1er ‘’V’’ : Vision missionnaire

Hameaux, villages et villes de la Côte d’Ivoire et des pays limitrophes doivent alors recevoir des autels du Christ en termes de lieux de cultes, de presbytères et d’infrastructures socio-éducatives de la part de l’Église centenaire.

2ème ‘’V’’ : Valorisation de l’EMUCI

Il fallait donc cesser de faire de l’ÉMUCI un système social artificiel en investissant davantage dans le développement de nos compétences pour élever et aiguiser les esprits financiers, intellectuels et spirituels des Méthodistes. A travers l’ouverture de l’ISTHA et de l’Université Méthodiste auxquels s’ajoutent chaque année aux synodes et à la conférence ordinaire la conversation sur l’œuvre de Dieu, l’intelligentsia méthodiste est dans l’obligation d’acquérir de nouvelles connaissances, de se réinventer sans cesse pour être la Vitrine de la société ivoirienne.

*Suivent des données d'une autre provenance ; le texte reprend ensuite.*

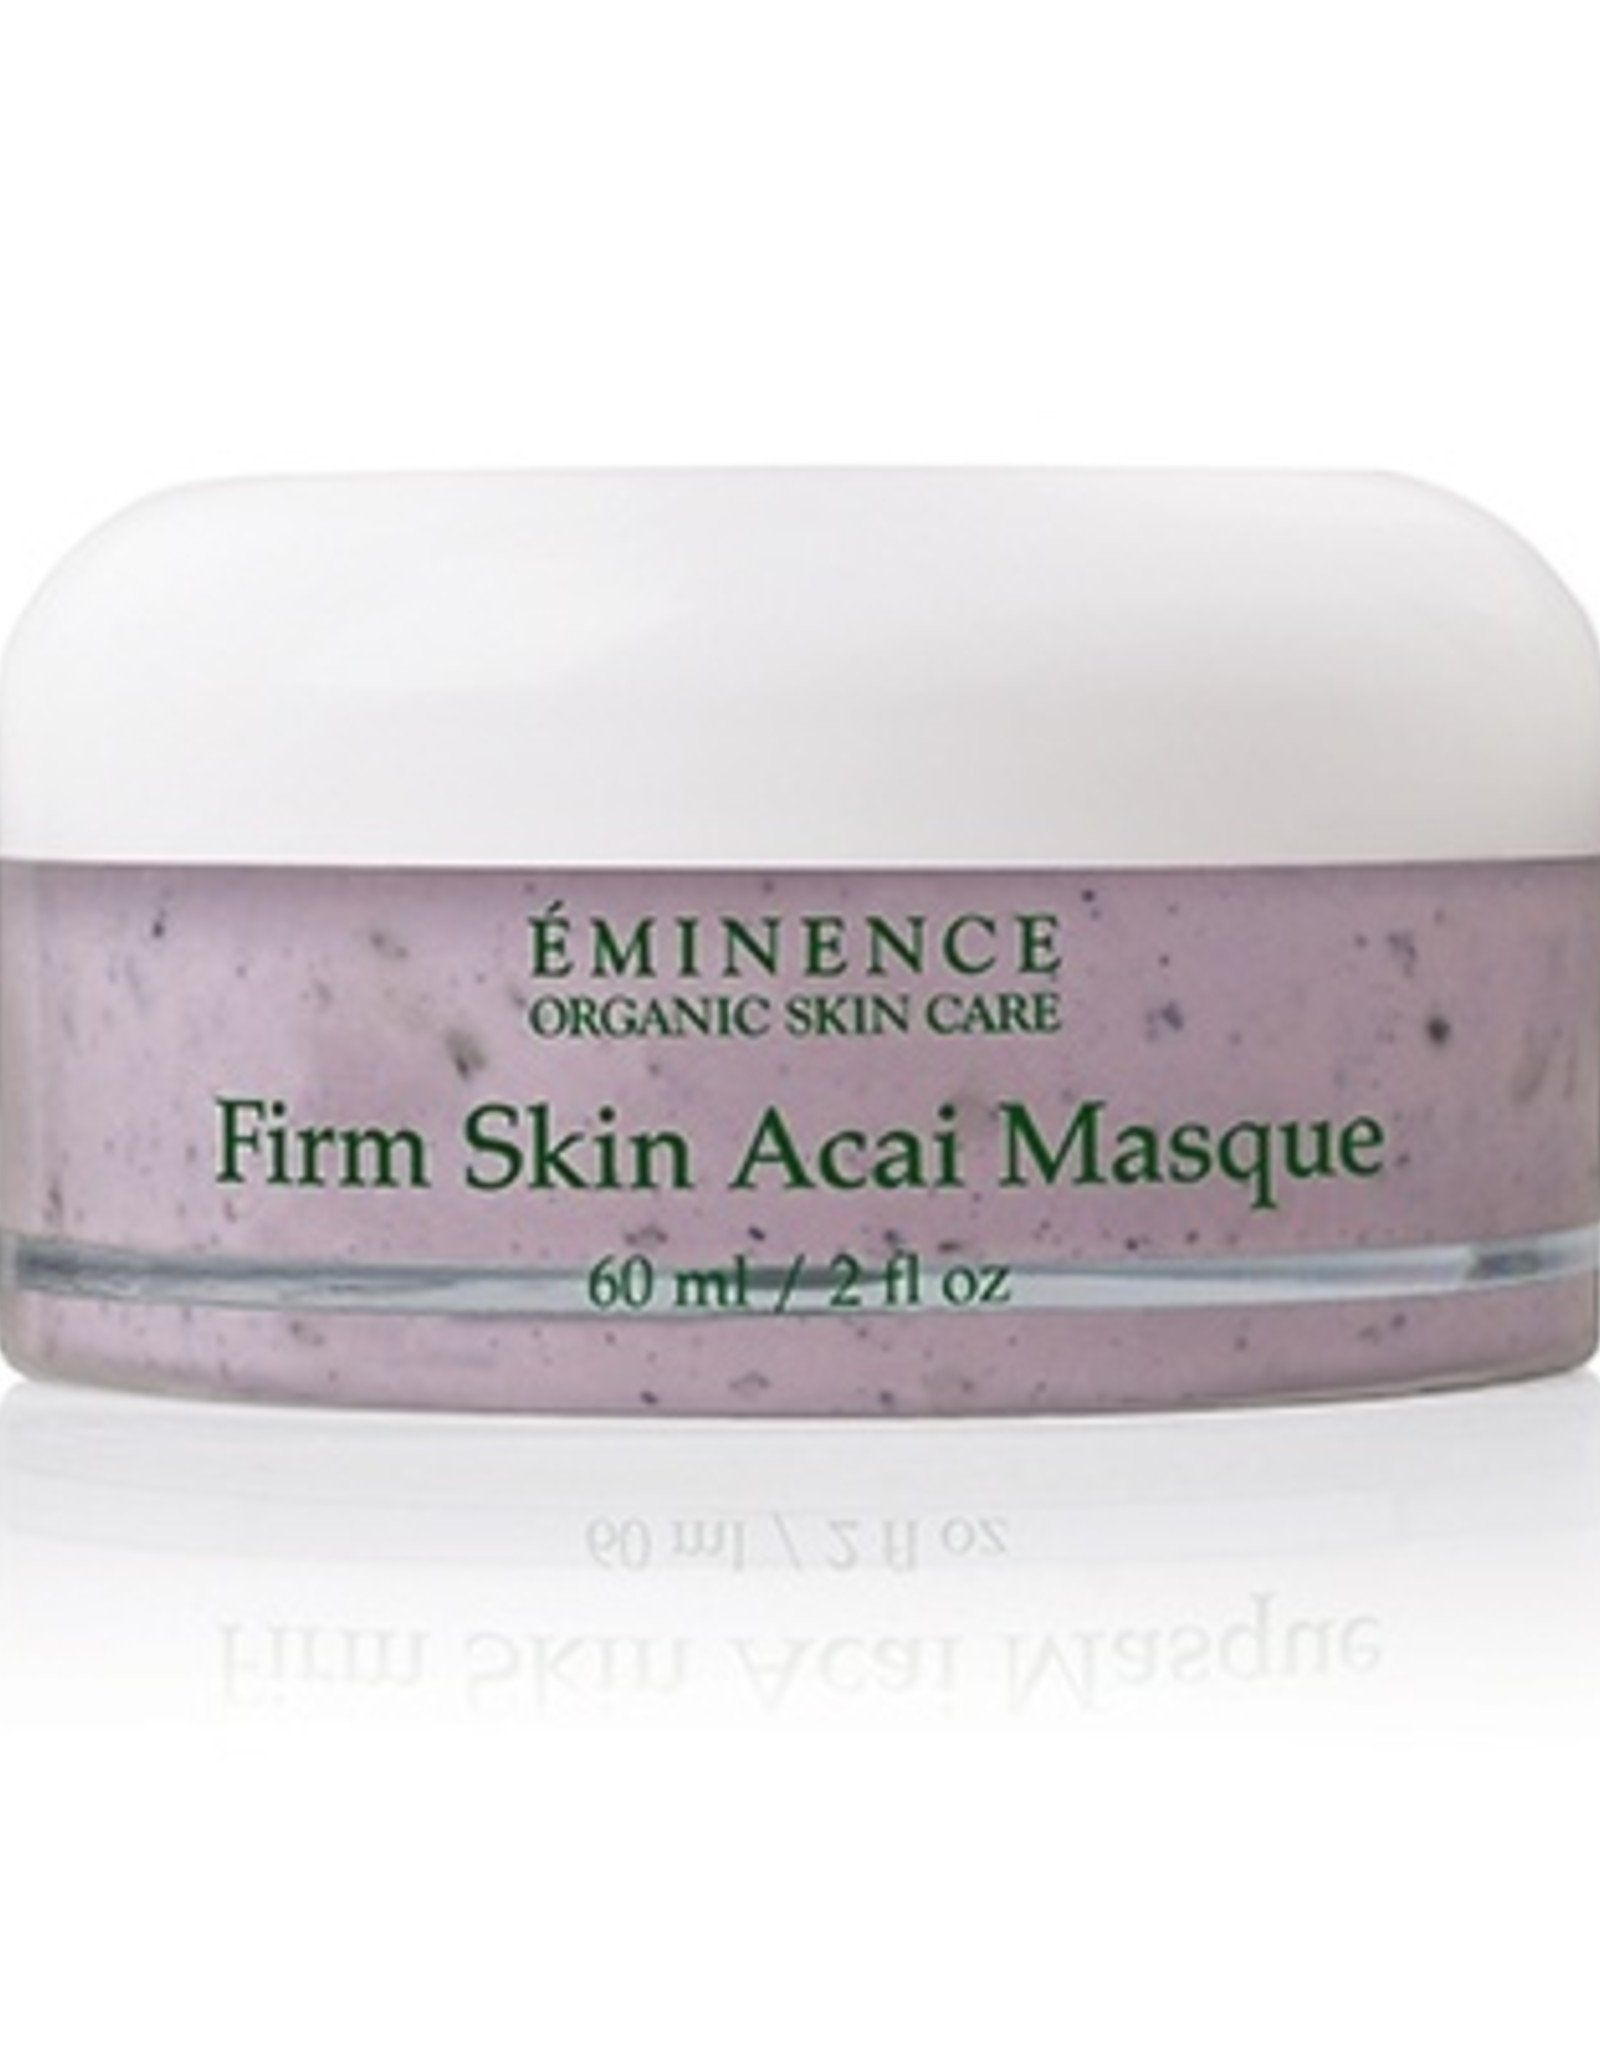 Eminence Organic Skin Care Firm Skin Acai Masque
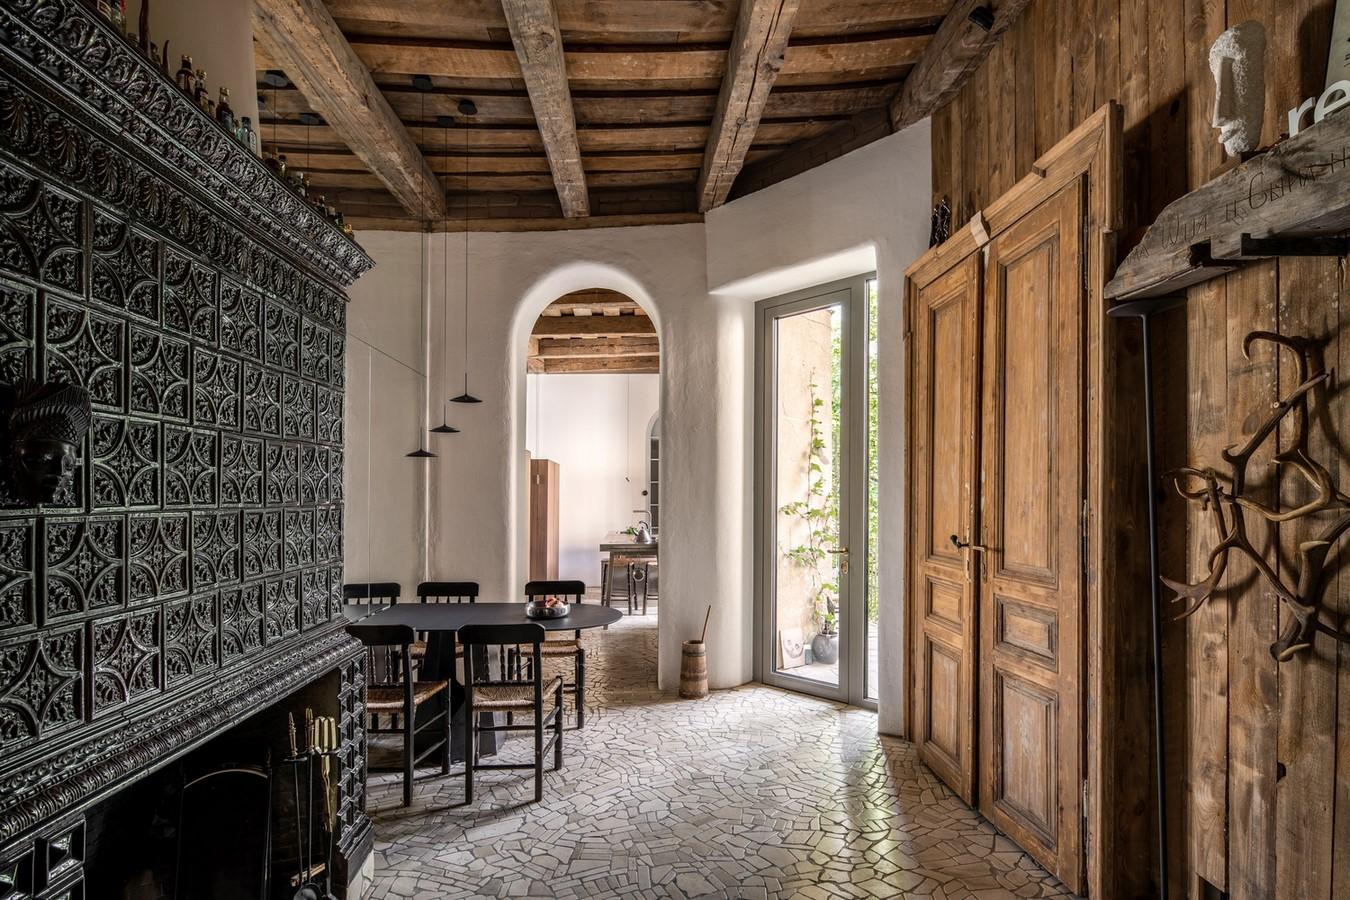 15 beautiful vintage apartments around the world - Sheet21

3ème ‘’V’’ : Volonté d’entreprendre

 Du latin voluntas, la volonté est la faculté de déterminer librement ses actes et de les accomplir, c’est la fermeté avec laquelle on exerce cette faculté, c’est la détermination. La volonté d’entreprendre veut alors dire qu’il faut arrêter à partir de cette treizième Conférence Ordinaire nos phrasés mélodiques « une église, un projet » «  Femme méthodiste, pour l’éradication de la pauvreté »…et capitaliser tout le background reçu lors des enseignements sur ces thèmes. Cessons alors de travailler pour les entrepreneurs en devenant nous-mêmes des entrepreneurs. Cessons d’être partout des employés pour devenir des employeurs. Car même les plus petites églises locales peuvent investir et tout petit investissement peut donner un grand Retour sur Investissement (RSI).

  •  

« En pleine eau avec Jésus-Christ, l’Espérance du Monde », son « trompétique[3] » sonné par la plus haute autorité de la Conférence Annuelle de l’EMUCI, a engagé tous les chrétiens méthodistes à l’instar de la trompette de Jéricho. Son de la conquête, son de la victoire, son de la libération, l’EMUCI doit éviter d’être absente au rendez-vous de son propre triomphe gracieusement octroyé par le Dieu des Armées. C’est pourquoi, nous devons nous lever et entrer en action par au moins trois (3) « I ».

  •  

1er ‘’I’’ : Initiative

L’Initiative de l’Eglise signifie saisir le moment, maitriser la crainte et annoncer notre Foi.

  1.  

Quoique nous fassions, Intelligentsias méthodistes, faisons-le dès cet instant. Ne disons plus : « L’année prochaine, je vais prendre un nouveau départ …Le mois prochain, je vais prendre un nouveau départ… » C’est maintenant ou jamais. Saisissons le moment !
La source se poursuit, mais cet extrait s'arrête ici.